The use of intra-articular injections (IAs) in the treatment of osteoarthritis (OA) has gained wide popularity in recent years. The relatively low cost, rapid and simple method of pain relief are its main advantages.[1] However, most articles have reported insufficient sample size with a varying follow-up period which results in difficulty in formulating and implementing clinical recommendations.
Seventy-nine randomized controlled trials (RCTs) with 8,761 patients were included in a meta-analysis.[2] Intra-articular injections evaluated included autologous conditioned serum (ACS), bone marrow aspirate concentrate (BMAC), botulinum toxin, corticosteroids (CSs), hyaluronic acid (HA), mesenchymal stem cells (MSCs), ozone, saline placebo, platelet-rich plasma (PRP), plasma rich in growth factor (PRGF), and stromal vascular fraction (SVF). The authors concluded that current evidence indicated that SVF injections resulted in the greatest improvement in pain and functional outcomes in patients with knee OA at up to oneyear follow-up.

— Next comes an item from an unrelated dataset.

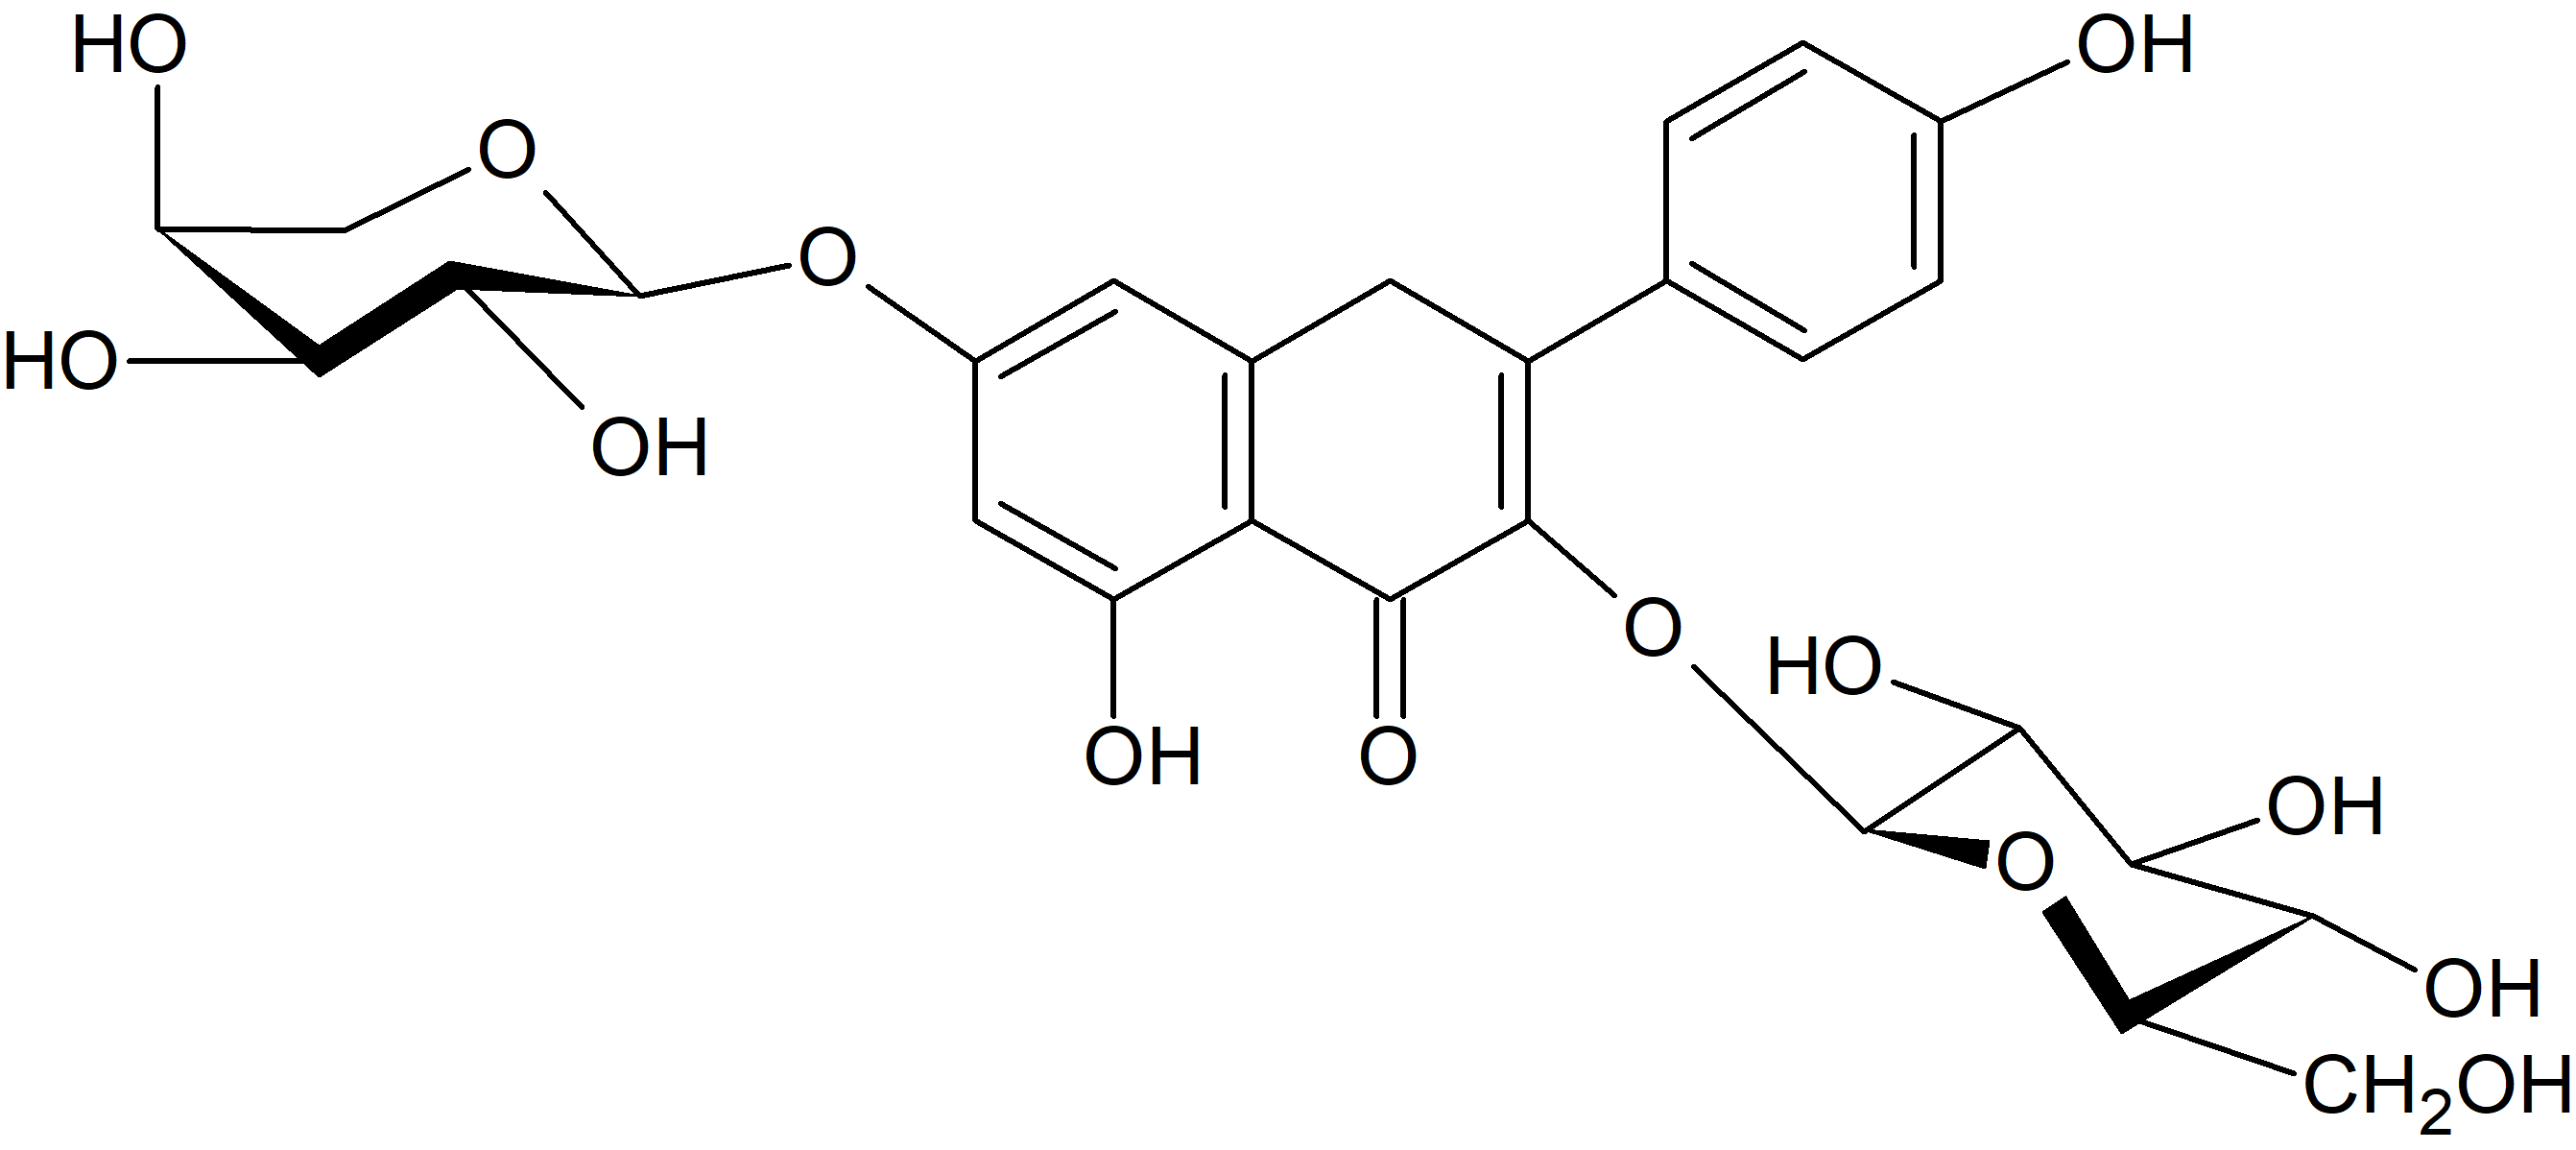 Kaempferol 3-O-glucoside-7-O-arabinoside

Osteochondral lesions are frequently observed and caused by an acute or repetitive traumatic event. The damage of articular cartilage can cause pain, effusion, OA, and joint dysfunction.[3] A study evaluated the effect of adipose-derived SVF on osteochondral defects treated by a combination of microfractures (MFs) and HA-based scaffold in a rabbit model.[3] The authors concluded that it could be used to accelerate cartilage regeneration, thus, in the treatment of secondary OS.
A total of 43 trials involving 5,554 patients were included in another meta-analysis.[4] The authors reported that IA injections of HA or CS were associated with better outcomes than PRP, adipose MSC or placebo in knee OA. Single PRP, multiple PRP, and adipose MSC interventions did not result in a relevant reduction of joint pain nor improvement of joint function compared to placebo. For pain relief and adverse effects, steroids are most likely the most optimal treatment followed by HA.
There is overwhelming information about PRP, BMAC, and MSC, but there are less evidence-based support than media promotions and highlights currently. Low-dose IA steroids for synovitis and highmolecular weight HA injections for dry osteoarthritic knees have more reliable literature support than new orthobiologics.[5]
In an editorial, Bannuru[6] commented that “Intraarticular corticosteroids are useful for acute and short-term pain relief, whereas hyaluronic acid is useful for a longerterm treatment effect for patients with knee osteoarthritis. More rigorous research using homogeneous preparations and techniques and randomizing larger numbers of knee osteoarthritis patients are warranted before recommending any wider acceptance of platelet-rich plasma and stem cell therapies. This is of utmost importance, especially with several new injectables such as anti-nerve growth factor antibodies, Wnt pathway inhibitors, and capsaicin showing promise to enter the market soon.”
Current clinical experience on orthobiologics should be regarded as the first steps for the new concept of musculoskeletal system healing and is still in experimental stage. No definitive conclusions can be established about the effects of PRP in such conditions, since most studies are of low-to-moderate methodological quality and use variable PRP protocols.[7]
In conclusion, the true extent of the benefits of IA injections is still being debated. Intra-articular CSs should not be administered frequently. Biological agents including MSC, BMAC, and PRP may have a great potential, but unrestricted utilization cannot be recommended, as high-quality scientific evidence is still lacking in the modern literature.